Headquarters of the U.S. Department of Defense

The Pentagon is the headquarters of the United States Department of Defense, in Arlington County, Virginia, across the Potomac River from Washington, D.C. The building was constructed on an accelerated schedule during World War II. As a symbol of the U.S. military, the phrase The Pentagon is often used as a metonym for the Department of Defense and its leadership. Its official designation is Federal Office Building No 1.

The building was designed by American architect George Bergstrom and built by contractor John McShain. Ground was broken on September 11, 1941, and the building was dedicated on January 15, 1943. General Brehon Somervell provided the major impetus to gain Congressional approval for the project. Colonel Leslie Groves was responsible for overseeing the project for the U.S. Army Corps of Engineers, which supervised it.

The Pentagon is the world's second-largest office building, with about 6.5 e6ft2 of floor space, 3.7 e6ft2 of which are used as offices. It has five sides, five floors above ground, two basement levels, and five ring corridors per floor with a total of 17.5 mi of corridors, with a central 5 acre pentagonal plaza. About 23,000 military and civilian employees work in the Pentagon, along with about 3,000 non-defense support personnel.

In 2001, the Pentagon was damaged during the September 11 attacks. Five al-Qaeda hijackers flew American Airlines Flight 77 into the western side of the building, killing themselves and 184 other people, including 59 on the airplane and 125 in the Pentagon. It was the first significant foreign attack on federal facilities in the capital area since the Burning of Washington during the War of 1812. Following the attacks, the western side of the building was repaired, with a small indoor memorial and chapel added at the point of impact. In 2008, an outdoor memorial dedicated to the Pentagon victims of the September 11 attacks was opened directly southwest of the building.

==Layout and facilities==

The Pentagon building spans 28.7 acre, and includes an additional 5.1 acre as a central courtyard.

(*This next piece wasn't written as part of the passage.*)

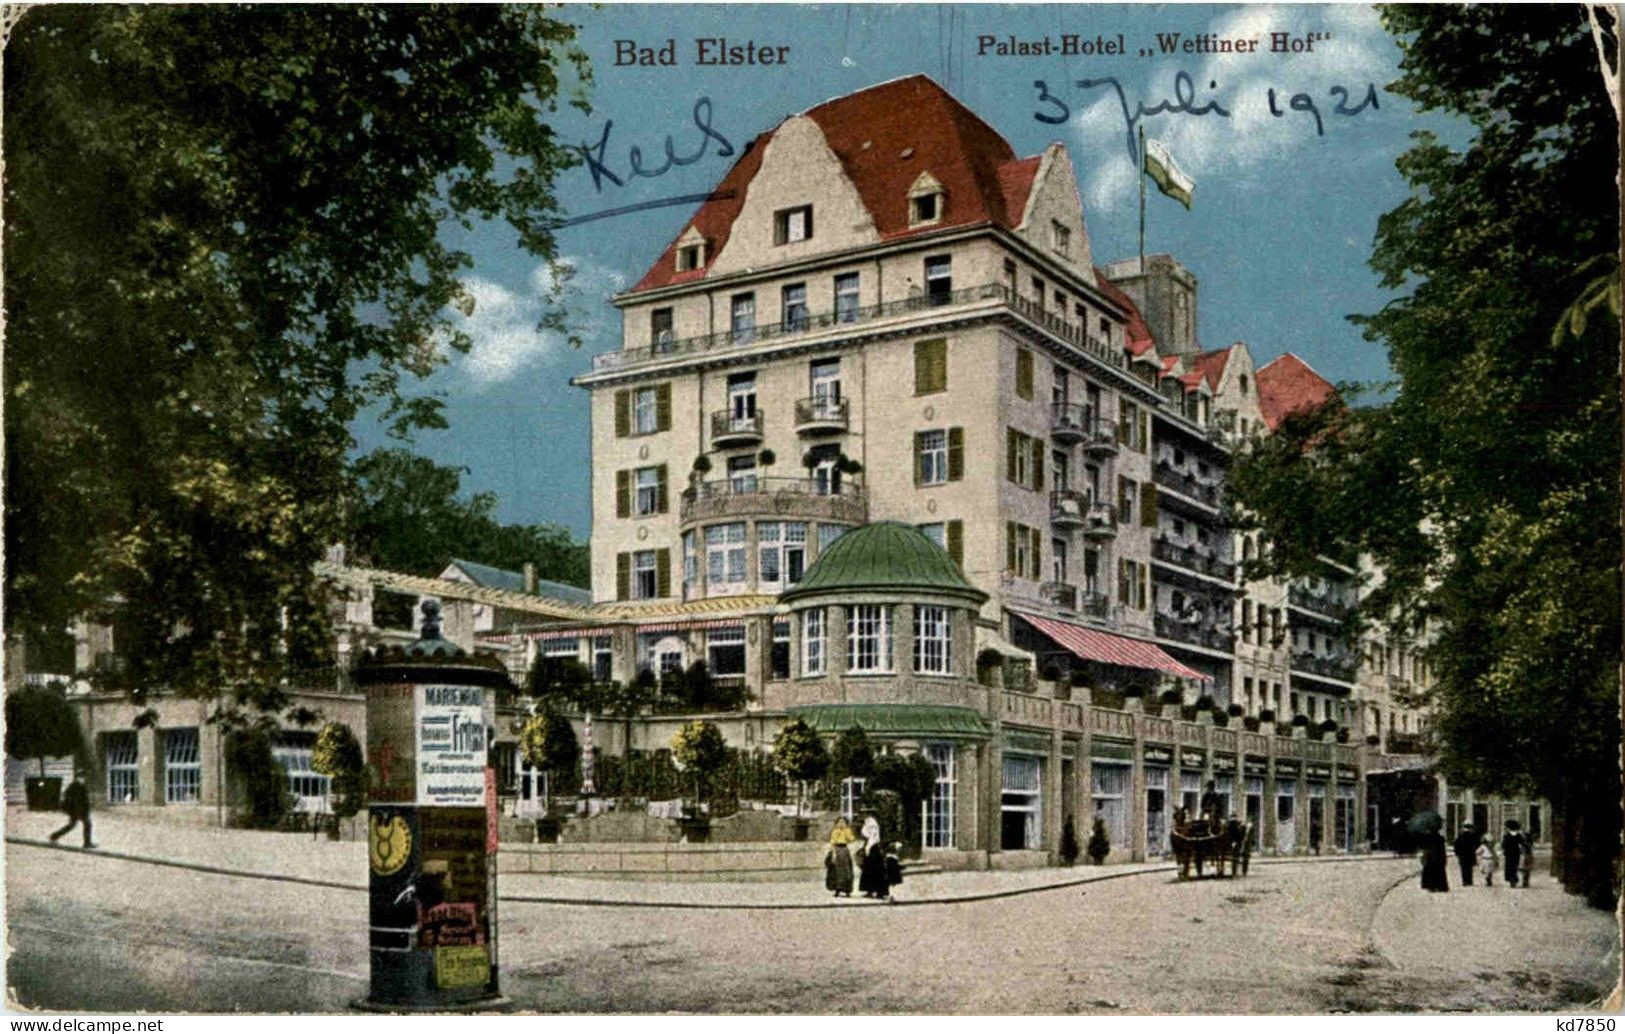 Bad Elster - Palast Hotel - Bad Elster
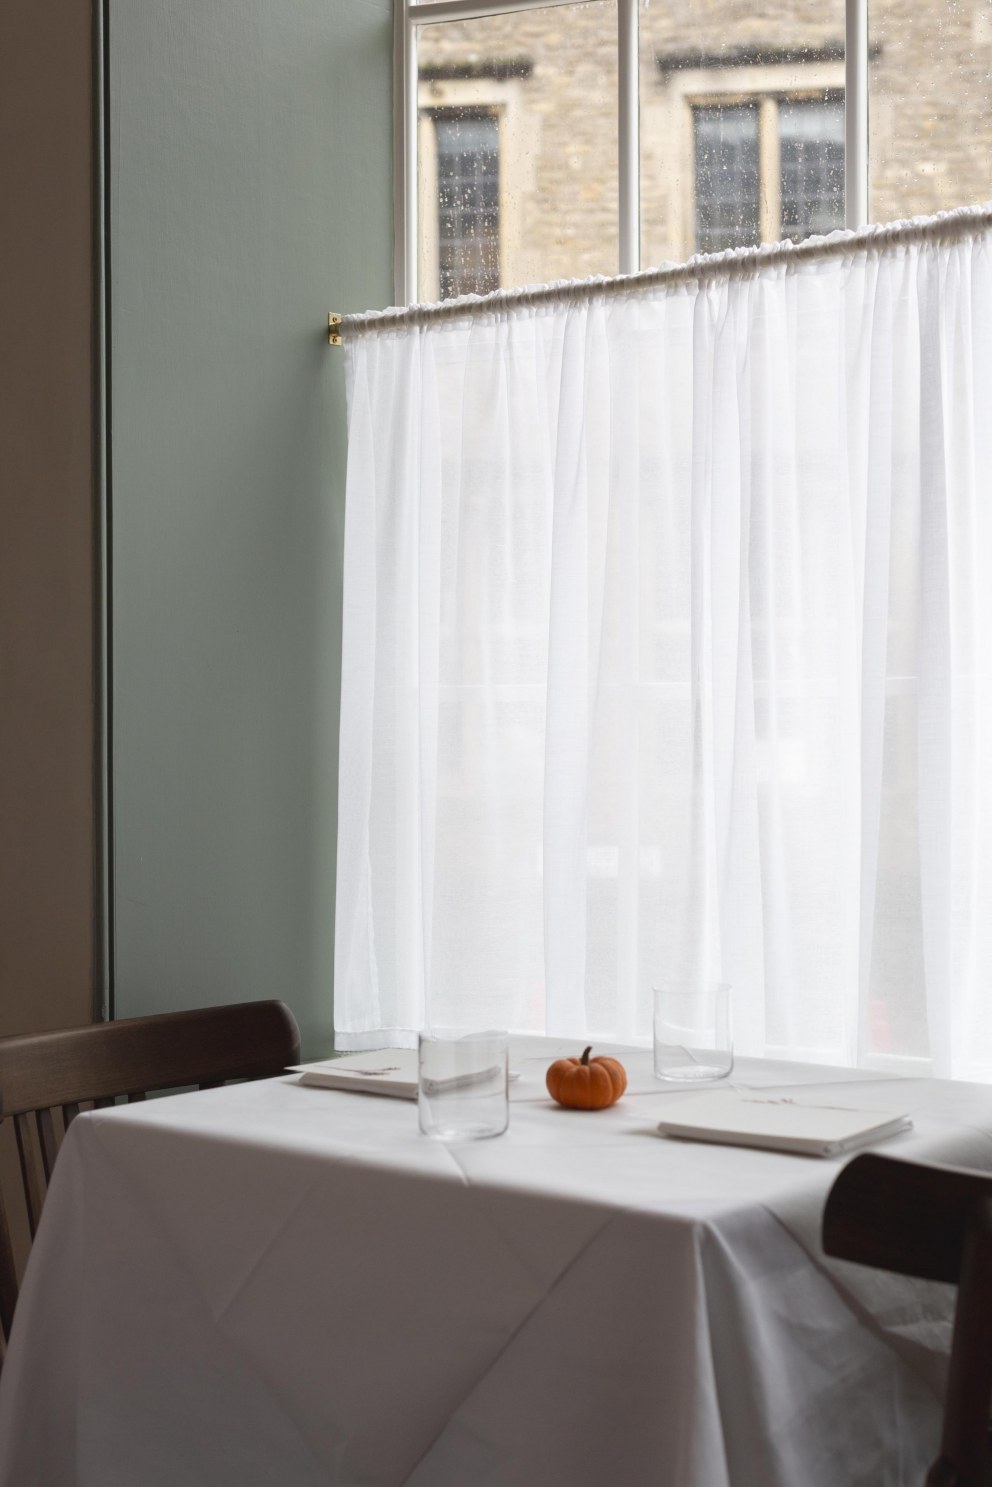 Michelin Starred restaurant | Keeping it simple | Interior Designers

Starting with the north side and moving clockwise, its five façade entrances are the Mall Terrace, the River Terrace, the Concourse (or Metro Station), the South Parking, and the Pentagon Army Heliport. On the north side of the building, the Mall Entrance, which also features a portico, leads out to a 600 ft terrace that is used for ceremonies. The River Entrance, which features a portico projecting out 20 ft, is on the northeast side, overlooking the lagoon and facing Washington. A stepped terrace on the River Entrance leads down to the lagoon; and a landing dock was used until the late 1960s to ferry personnel between Bolling Air Force Base and the Pentagon. The main entrance for visitors is on the southeast side, as are the Pentagon Metro station and the bus station.

There is also a concourse on the southeast side of the second floor of the building, which contains a mini-shopping mall. The south parking lot adjoins the southwest façade, and the west side of the Pentagon faces Washington Boulevard.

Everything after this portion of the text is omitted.